The first two items in the above list are not directly related to analysing the economic impacts of a transition to a low-carbon economy. They are much more related to introducing the production and investment decisions of activities in more appropriate ways. The third one is a crucial feature of the I3E model since it allows us to quantify the differentiated impacts of a policy change; for instance, an increase in the carbon tax, across production activities. If a sector has more substitution possibilities across the energy commodities, the higher level of the carbon tax leads the sector switching from fossil fuels to cleaner energy commodities to meet its energy demand. On the other hand, if a sector has limited or no possibility to switch its energy demand, the sector is hit harder due to impacts on its cost of production (higher carbon tax increases the cost of energy since the firm has to use the energy commodities with a carbon content) and thus the sectoral value-added and labour demand. The fourth component also plays a substantial role in an analysis of transitioning to a low-carbon economy as the ETS coverage of sectoral emissions and the EU-ETS price of allowances directly affects the cost of production.

Commodities

The SUTs also include 58 products and provide the sources of total domestic supply and demand. These products are firstly merged into 29 commodities, and then the broader energy commodities are disaggregated into energy commodities, resulting in a total of 39 unique commodities in the I3E model. The energy/carbon commodities included in I3E are:

  • peat
  • coal
  • natural gas
  • diesel
  • gasoline
  • kerosene
  • LPG
  • crude oil
  • fuel oil
  • other petroleum products
  • electricity

The total supply of a commodity comes from two sources: domestic production and imports. Out of 39 commodities, 37 are domestically produced, and 33 of them are also imported, i.e. four commodities are supplied entirely by domestic producers (education services, residential services, construction, and peat). On the other hand, there is no domestic production of crude oil and coal, and they are entirely imported. The total domestic demand for a commodity c is equal to the sum of six items:

  • intermediate input demand is the sum of all activities' optimal level of demand, which comes from the cost minimisation problem of activities;
  • private (household) demand is the sum of all households' optimal level of consumption and stems from the utility maximisation problem;
  • government demand is a fixed fraction of total government demand for commodities;
  • investment demand, i.e. investment by origin, is a fixed fraction of total investment expenditures of activities,
  • trade and transportation margin demand is a fixed fraction of total domestic supply of commodity c; and finally,
  • export demand is a function of the domestic price and foreign price of commodity c and the substitution elasticity of these two commodities.

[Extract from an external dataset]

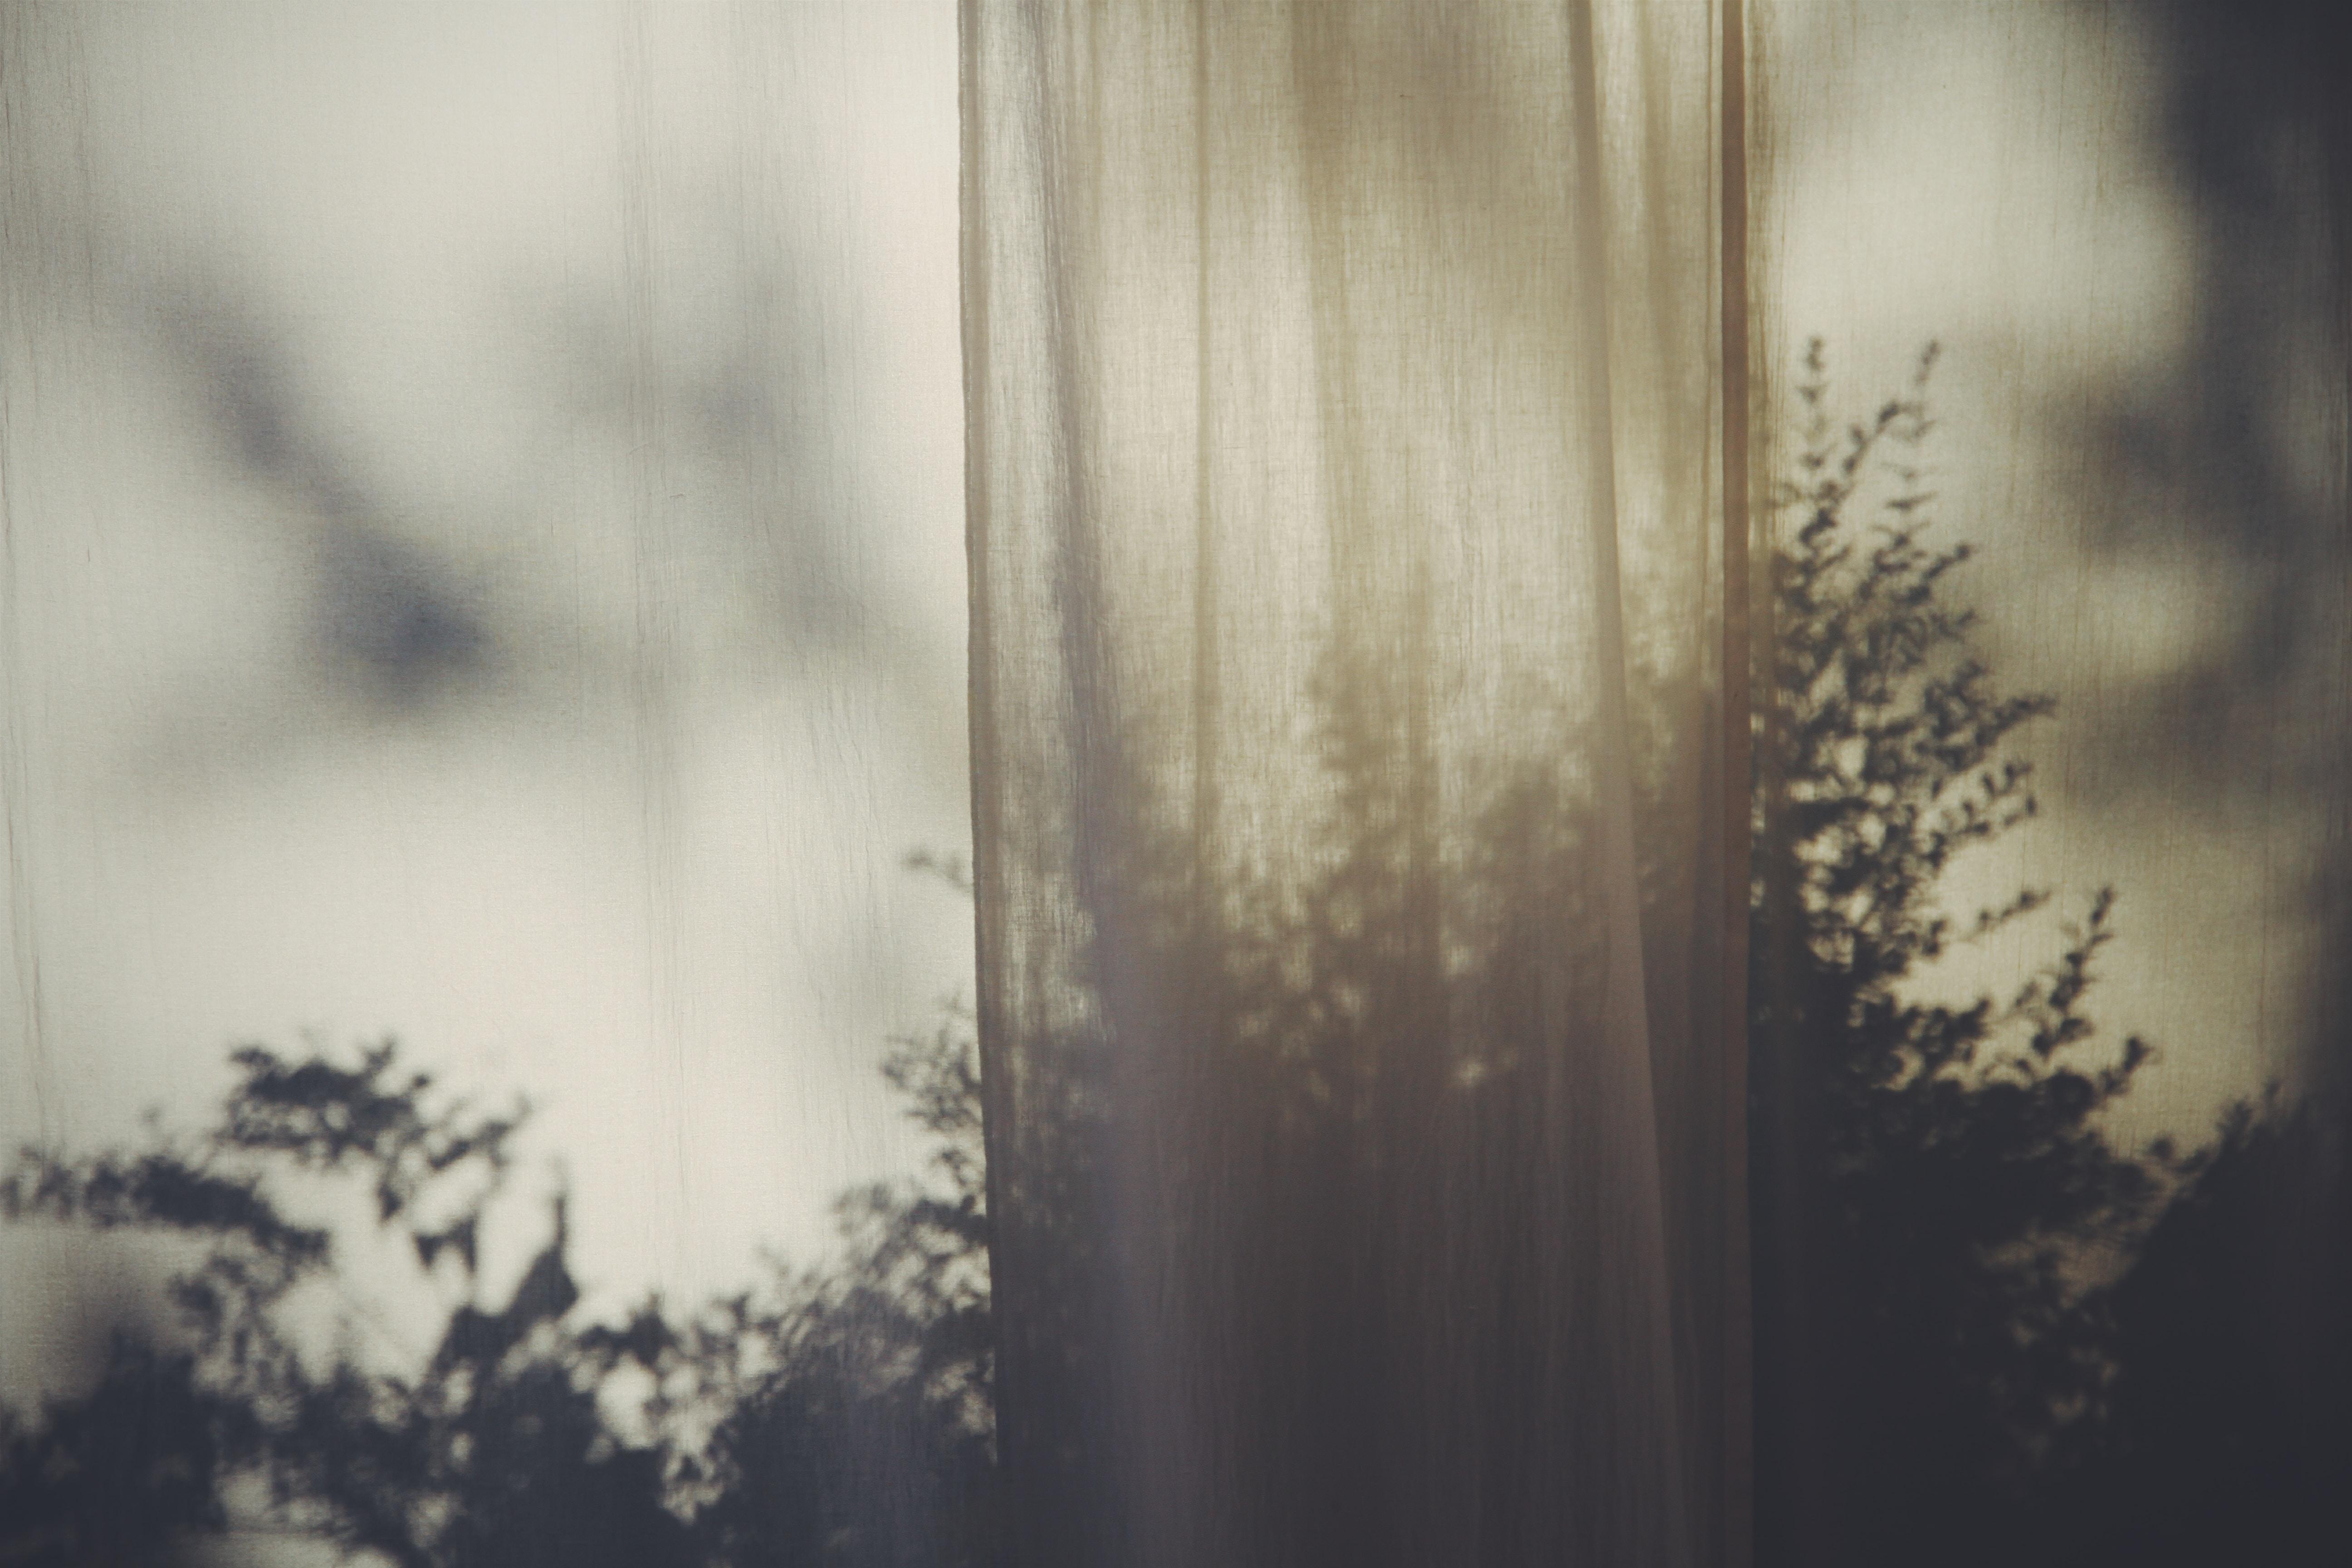 mesh curtain near tree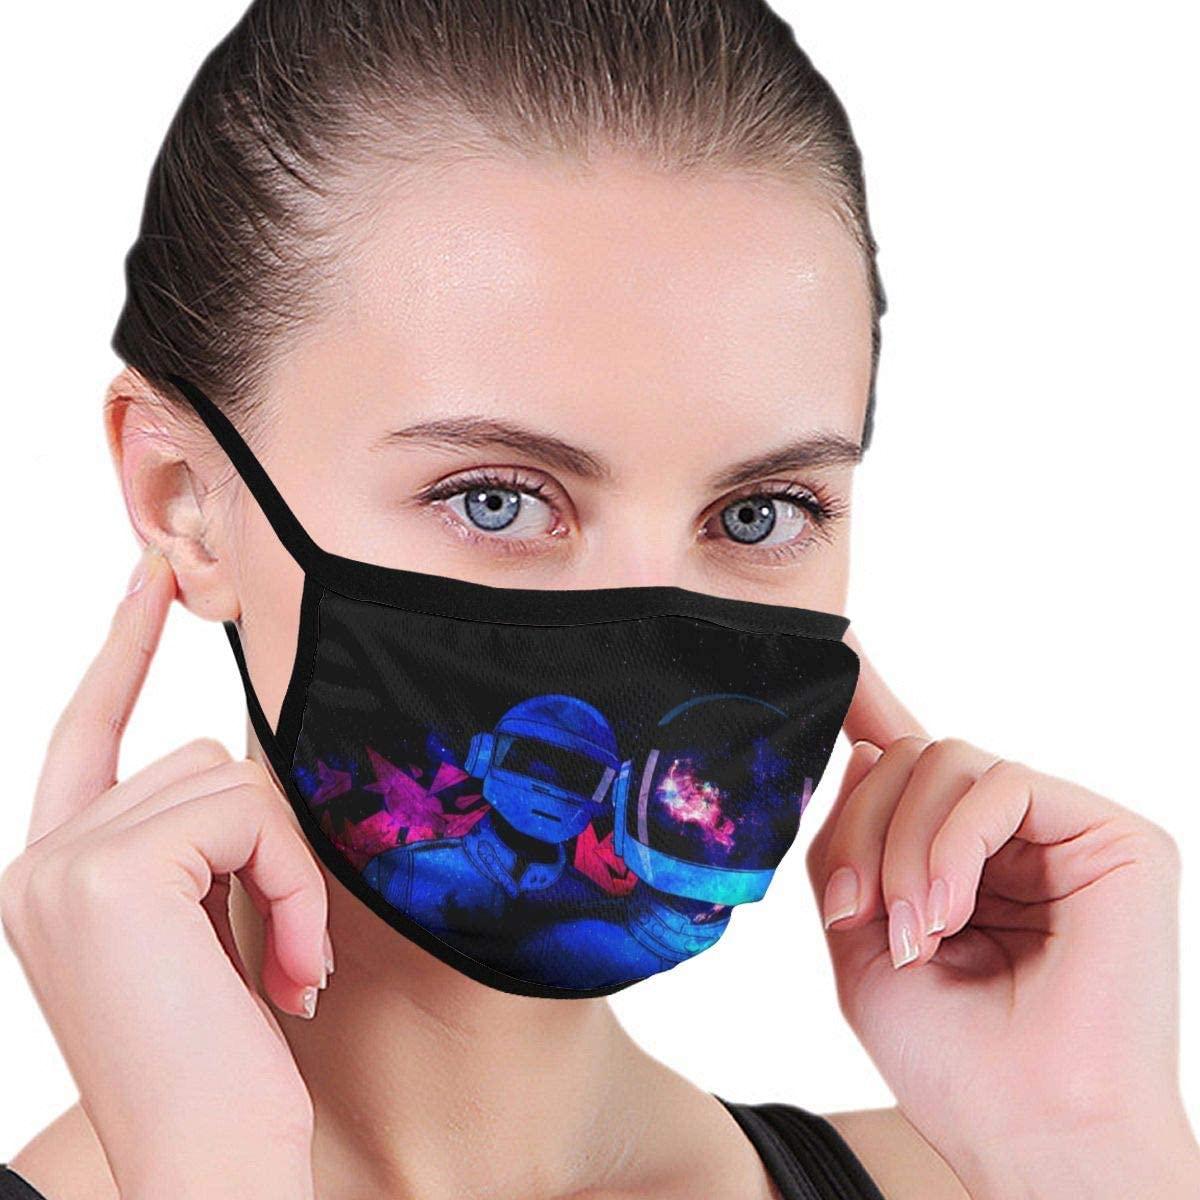 Qwertyi Daft Punk Outdoor Seamless Face Mouth Safety Reusable Balaclava

The transition to a low-carbon economy mainly includes the phasing out of fossil fuels, especially peat and coal, in space heating (primarily demanded by households) and electricity production. The electricity production sector's energy demand will change in favour of renewable energy sources and households will use electric heating systems. In this respect, as the demand on the aforementioned energy commodities (except natural gas and electricity) declines, the supply of these commodities shrinks, and thus the composition of domestic production will change. Therefore, the explicit introduction of all energy commodities is an essential feature of the I3E in analysing the economic impacts of the transition.

Labour Market          

There are three types of labour in the I3E model: low-skilled, medium-skilled, and high-skilled. In order to introduce the composition of household wage income regarding the labour types, the Survey on Income and Living Conditions (SILC) is utilised, as the HBS does not provide individual-level information. In the SILC, all households are uniquely assigned to an I3E RHG, and the compositions of wage income by RHGs are retrieved by considering the level of educational attainment of all working members of the households. For the production activities' labour demand by types of labour, the Labour Force Survey (LFS) is utilised. This level of detail provides a better understanding of the impacts on various types of labours and thus household wage income which is the main component of household disposable income.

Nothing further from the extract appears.